传入数据，建立对象： soup = BeautifulSoup(data)，

操作soup，完成需求解析。

3、示例代码：

 from bs4 import BeautifulSoup

 from urllib import request

 import re

 web = request.urlopen('http://www.freebuf.com')

 # 没有特别指明解析器，bs4使用了它认为最好的解析器,但是在不同的环境下运行，可能解析器是不一样的。

 # 如果没有'html.parser'，会有warning提示，表明了bs4的自动选择解析器来解析的特性。

 soup = BeautifulSoup(web.read(),'html.parser')

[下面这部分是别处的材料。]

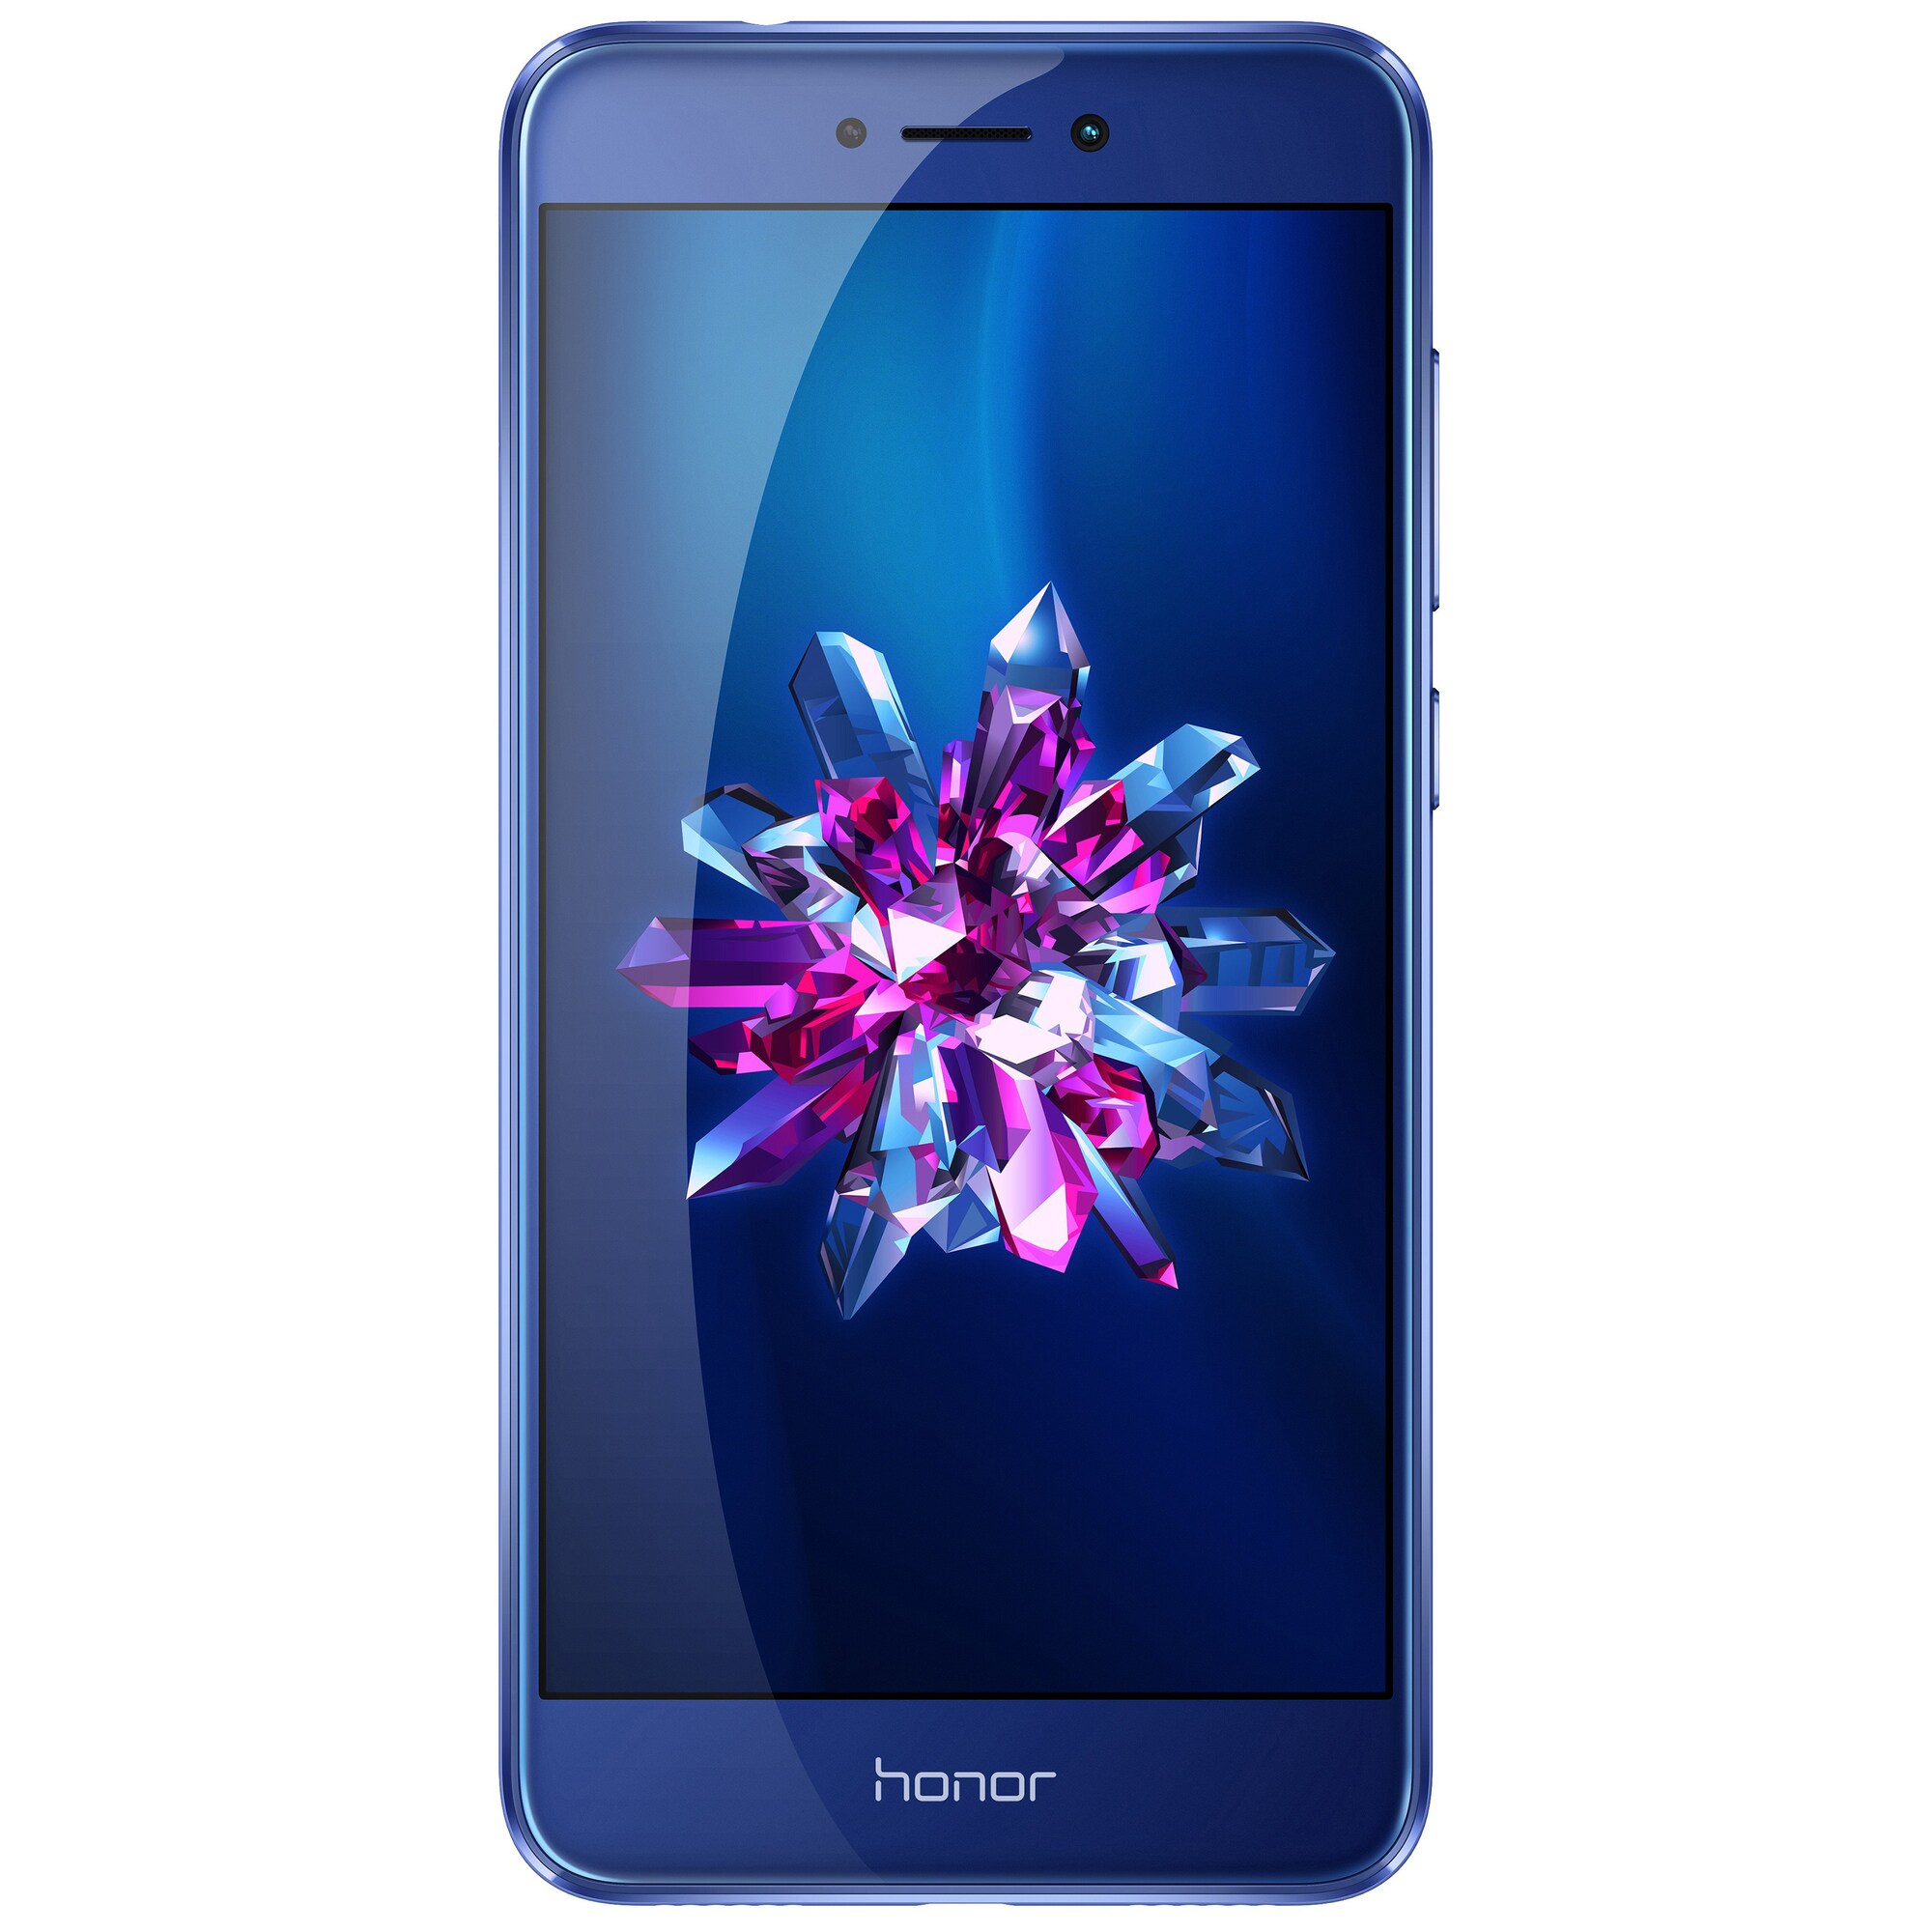 Huawei Honor 8 Lite smarttelefon (blå) - Elkjøp

 tags_a = soup.find_all(name='a', attrs={'href': re.compile('^https?://')})

 for tag_a in tags_a:

     print(tag_a['href'])

4、利用BeautifulSoup获取网站的sitemap:

 # coding:utf-8

 # 获取整个网站的sitemap

 import urllib.request

 import urllib.error

 from urllib.parse import urlparse

 from bs4 import BeautifulSoup

 import time

 import datetime

 url = input('请输入扫描的url:')

 domain = input('请输入包含的域名：')

 sites = set()

 # 获取一个页面的所有url

 def get_local_pages(url, domain):

     pages = set()

     global sites

     repeat_time = 0

     # 解析传入的url为后面相对路径拼接用

     parse_url = urlparse(url)

     # 防止url读取卡住：自动重读5次

     while True:

         try:

             print('Ready to Open the web!')

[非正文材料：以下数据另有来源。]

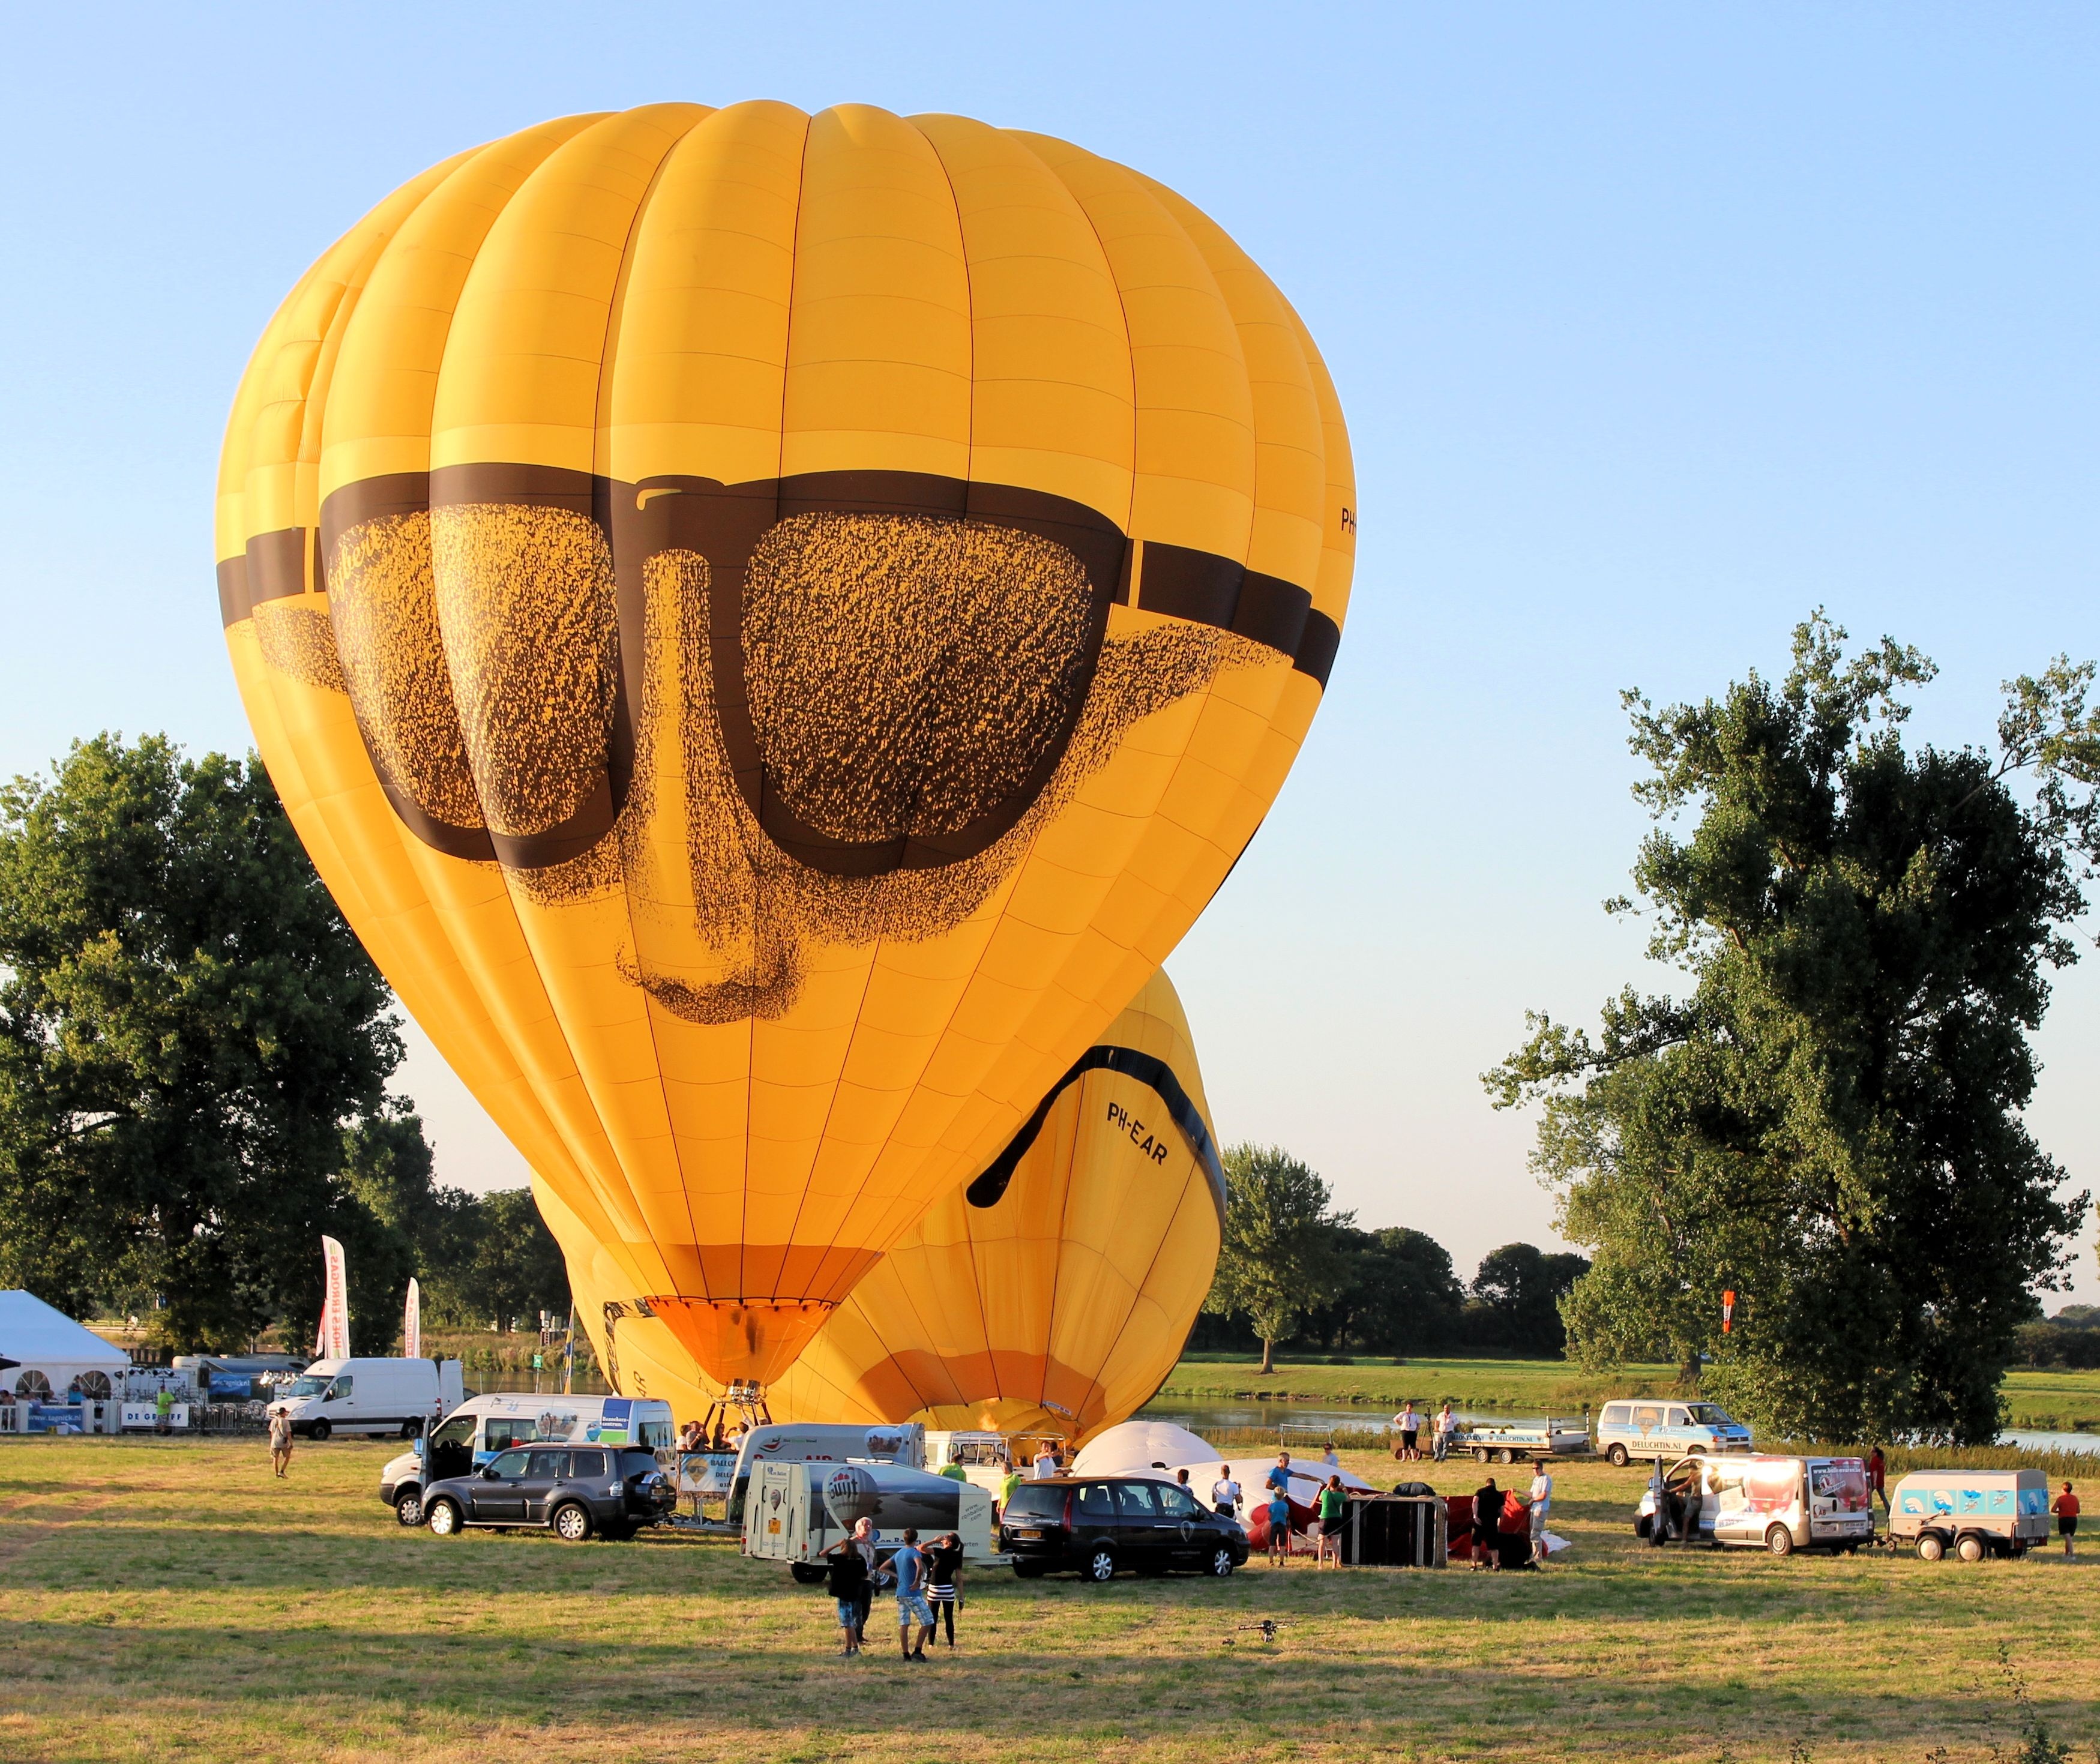 Аэростат объемом 2000 метров. Аэростат монгольфьер. Воздушный шар с корзиной. Необычные воздушные шары. Воздушные шары аэростаты.

             time.sleep(1)

             print('Opening the web : %s' % url)

             web = urllib.request.urlopen(url=url, timeout=20)

             print('Success to Open the web!')

             break

         except urllib.error.URLError as e:

             print('Open Url Error:',e)

             print('Open url Failed!!!Repeat!')

             time.sleep(1)

             repeat_time += 1

             if repeat_time == 5:

                 return

     soup = BeautifulSoup(web.read())

     tags = soup.find_all(name='a')

     for tag in tags:

         # 避免参数传递异常

         try:

             ret = tag['href']

         except:

             print('Maybe not the attr : href')

             continue

         parse_page = urlparse(ret)

         # 1 url不为空（协议，域名，路径）

         if parse_page[0] is '' and parse_page[1] is '' and parse_page[2] is '':

             print('Bad Page(协议\域名\路径均为空):%s' % ret)

             continue

         # 2 协议不为空，判断合法性

         if parse_page[0] is not '' and 'http' not in parse_page[0]:

             print('Bad Page(协议不合法,非http):%s' % ret)

             continue

         # 3 域名不为空，domain要包含在域名中

         if parse_page[1] is not '' and domain not in parse_page[1]:

             print('Bad Page(域名不合法,非%s):%s' % (domain, ret))

             continue

         # 4 协议为空，域名不为空(拼接ret),例如：//caipiao.taobao.com

         if parse_page[0] is '' and parse_page[1] is not '':

             print('Fix page(仅域名存在): %s' % ret)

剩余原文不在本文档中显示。